I realize this is mostly a bunch of ramblings… I don’t know where to go from here, what my next step should be. I think what I need most is confirmation that yes, I can return and my babies will be welcome and my marriage can somehow be validated. What do you all think? Is it possible? I would be grateful for any and all (name removed by moderator)ut, I feel lost and confused.Thank you in advance!
 
Hello Iris,

Yes.

catholicscomehome.org/

There are many questions in your question --but rest assured. Jesus Christ loves you and all your little ones…

I would find a good Catholic Priest (parish near you…) and talk with him about all your questions.
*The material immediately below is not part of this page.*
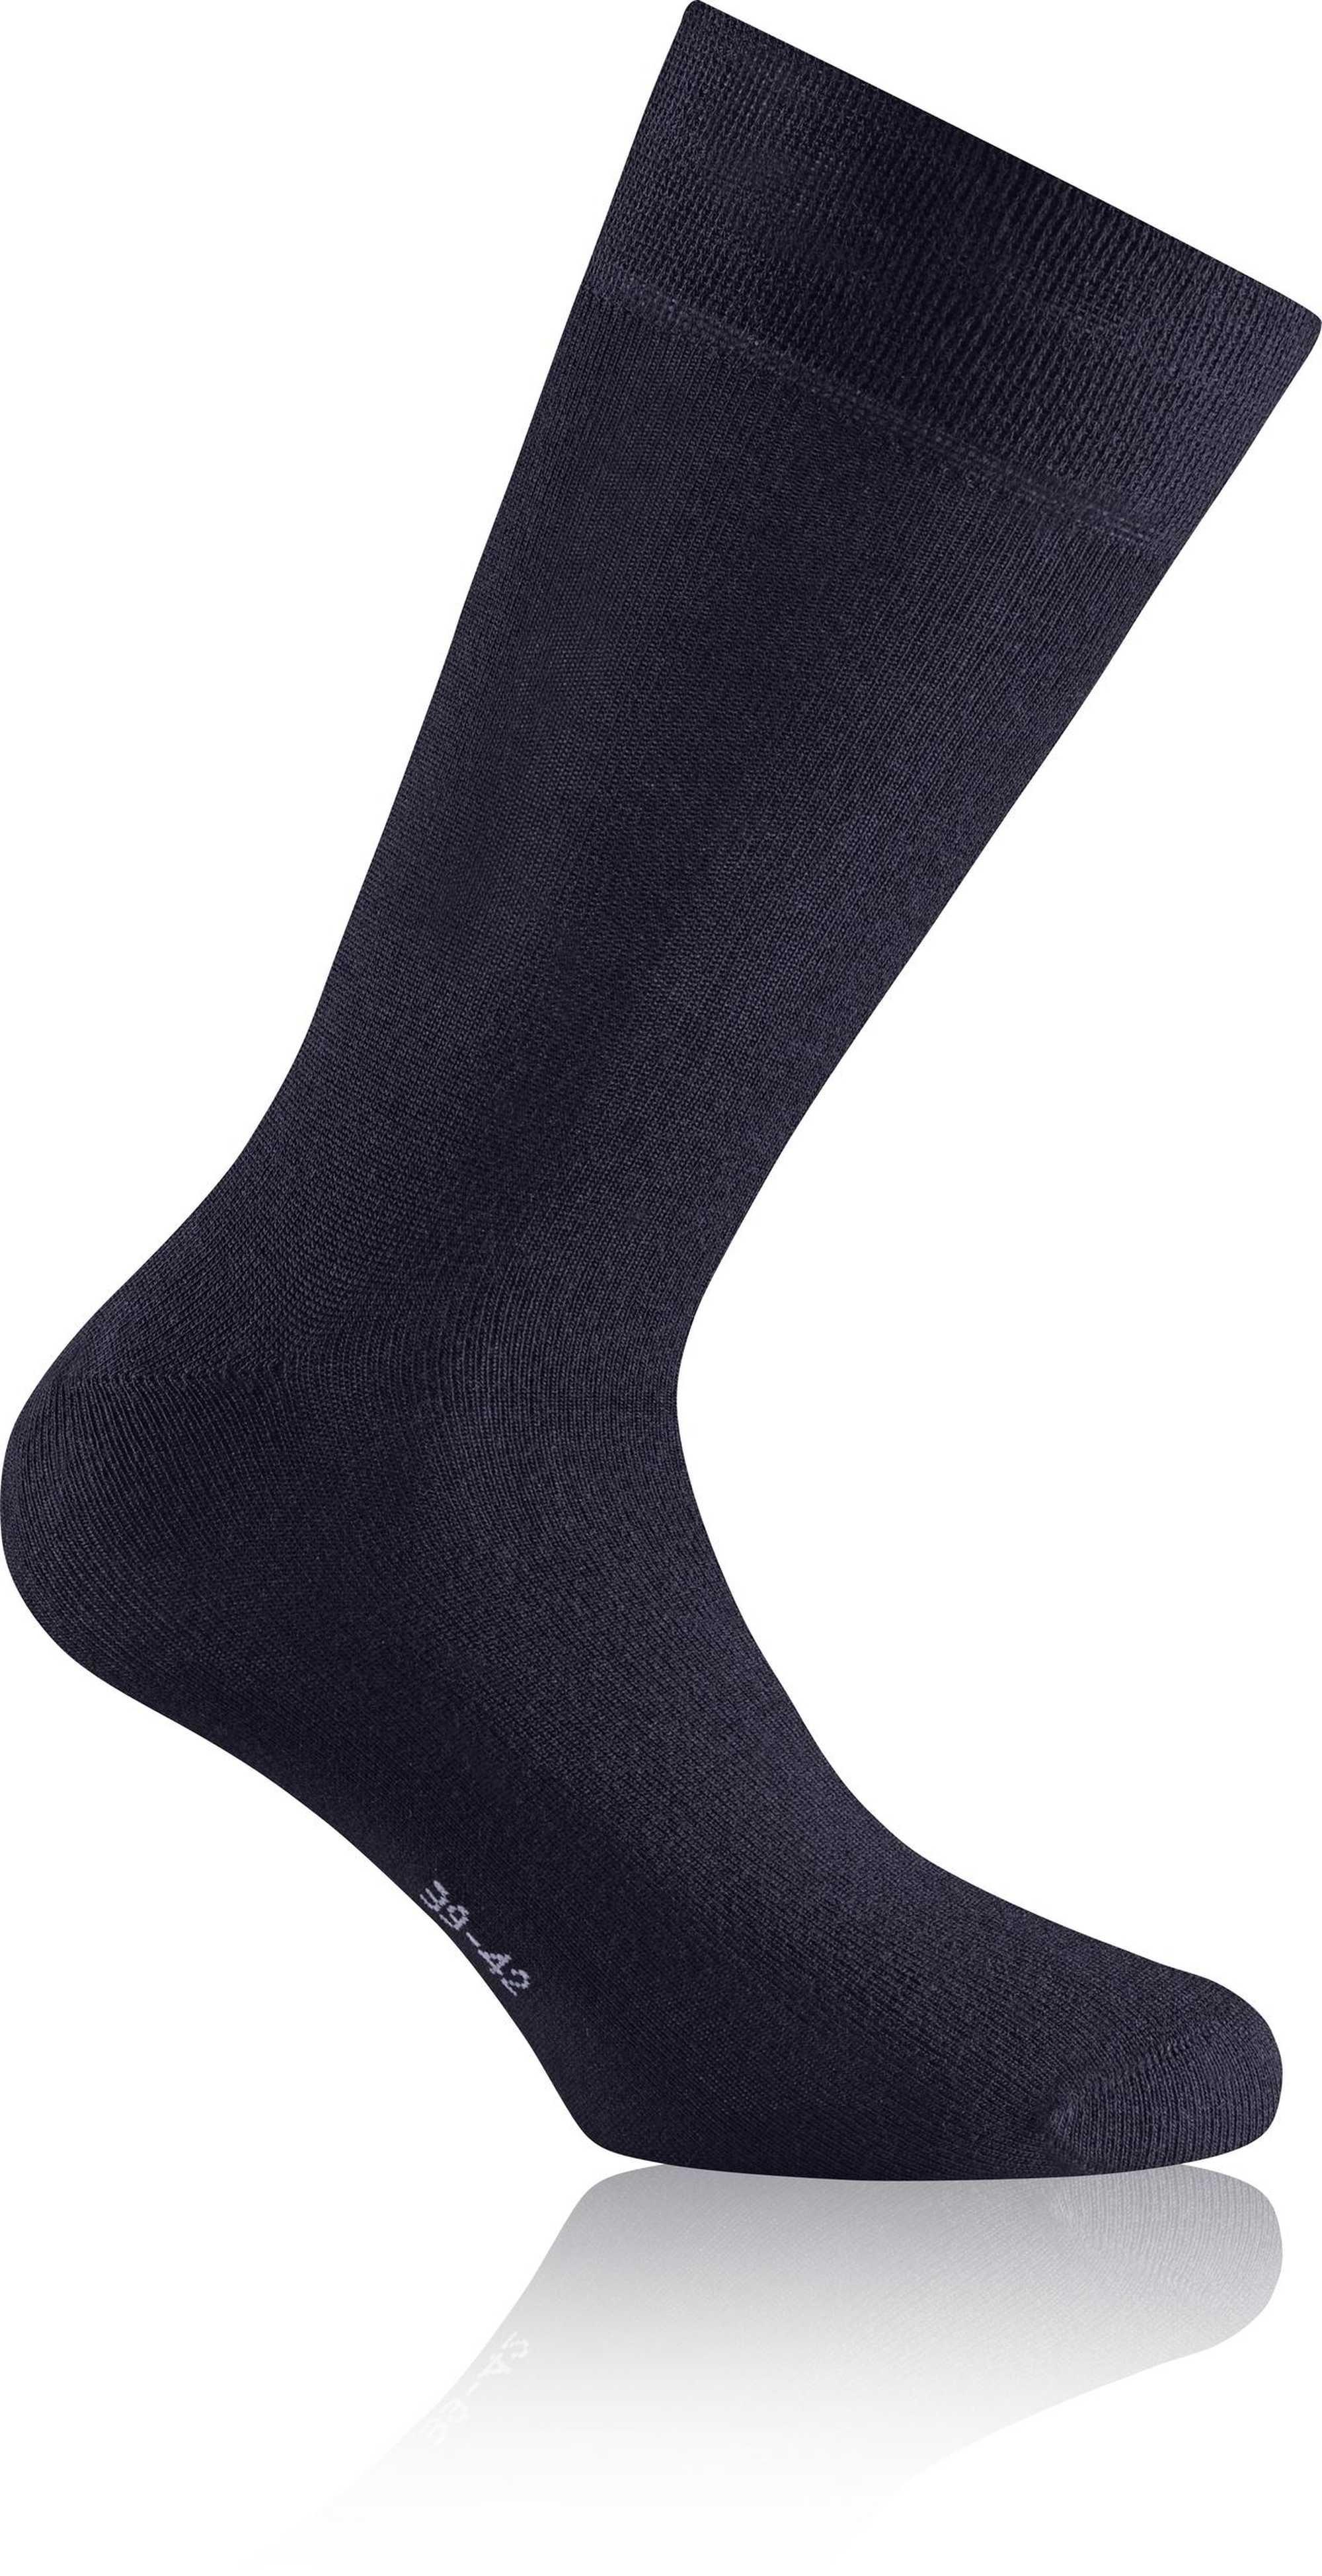 Rohner  Chaussettes  Confortable à porter-Bamboo 2er pack 
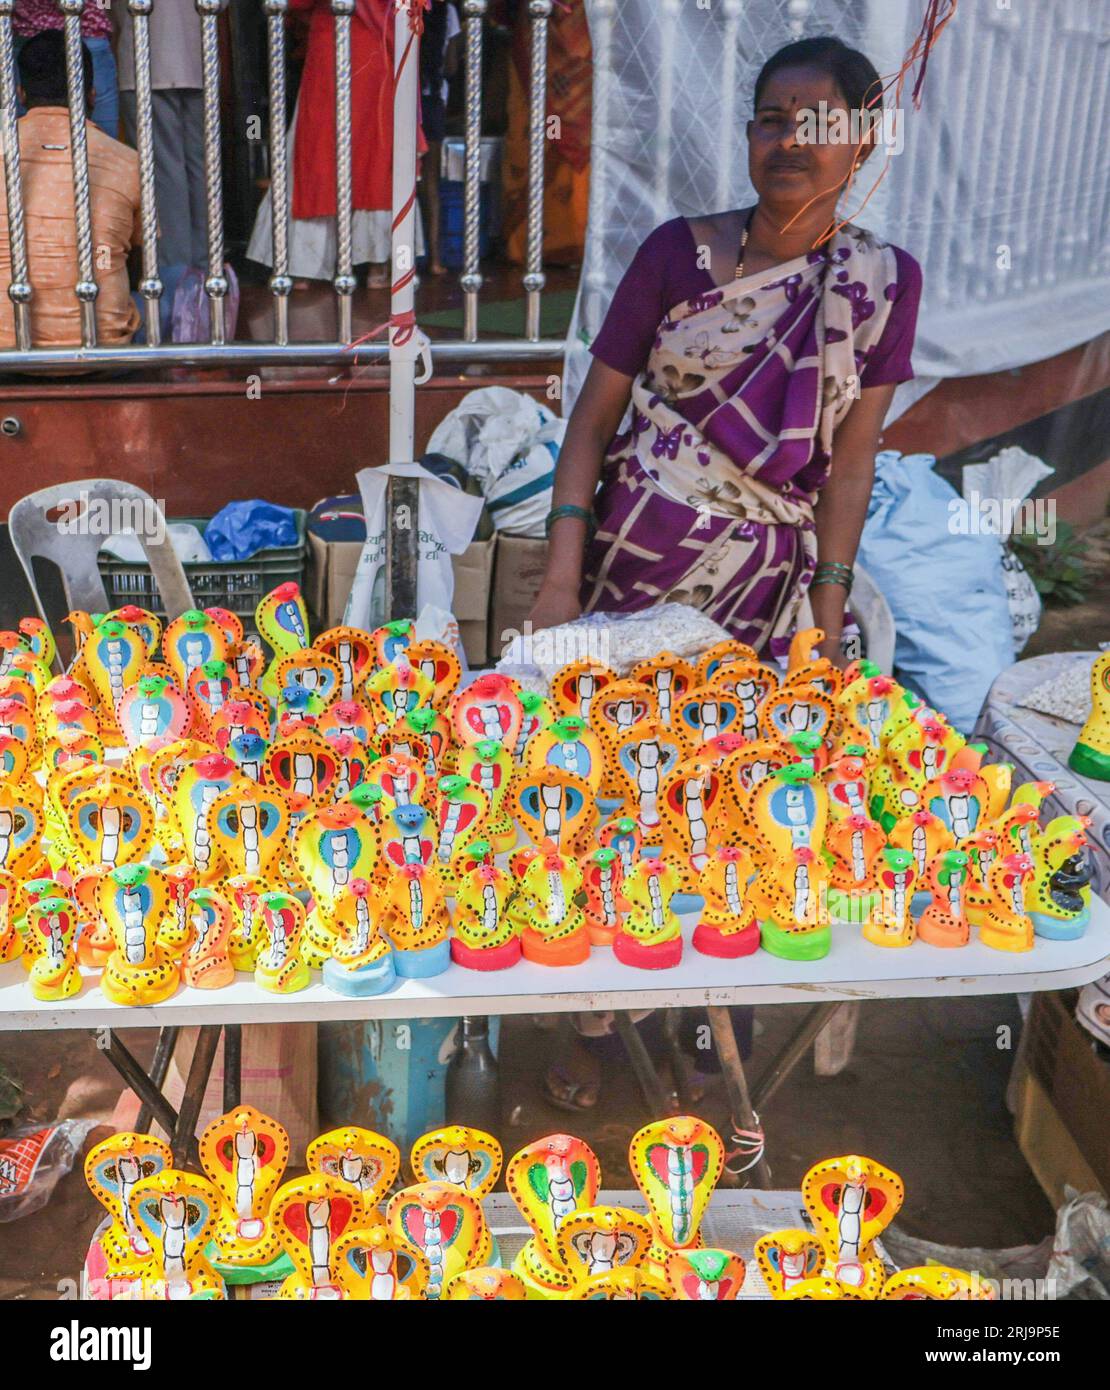 Margao, South Goa, India. 22nd Aug, 2023. Cobras efigies for sale in the Narrow passage ways selling anything imaginable in the busy and colourful market at the city of Margao, South India.Paul Quezada-Neiman/Alamy Live News Credit: Paul Quezada-Neiman/Alamy Live News Stock Photo

Of course first off - turn to Christ and tell him you love him and make a
“act of contrition” out of love for him and intend to get to confession as soon as you can (you would need to talk with the Priest and work out having the marriage become valid first --which should be easy from what you say…and talk to him about living as brother and sister until then --cause you may be able to return to the Sacraments earlier then 🙂

Of course start going to Sunday and Holy Day of Obligation Masses – you can make a “spiritual communion” by prayer at Mass until you can receive again…

Being a Christian is such a joy!! I am very happy you are returning to the Church.

Do not worry too much about the paperwork – the Church knows how to work these things out…do not worry! But draw near to Christ in his Church.

His Heart if full of great love for you and yours!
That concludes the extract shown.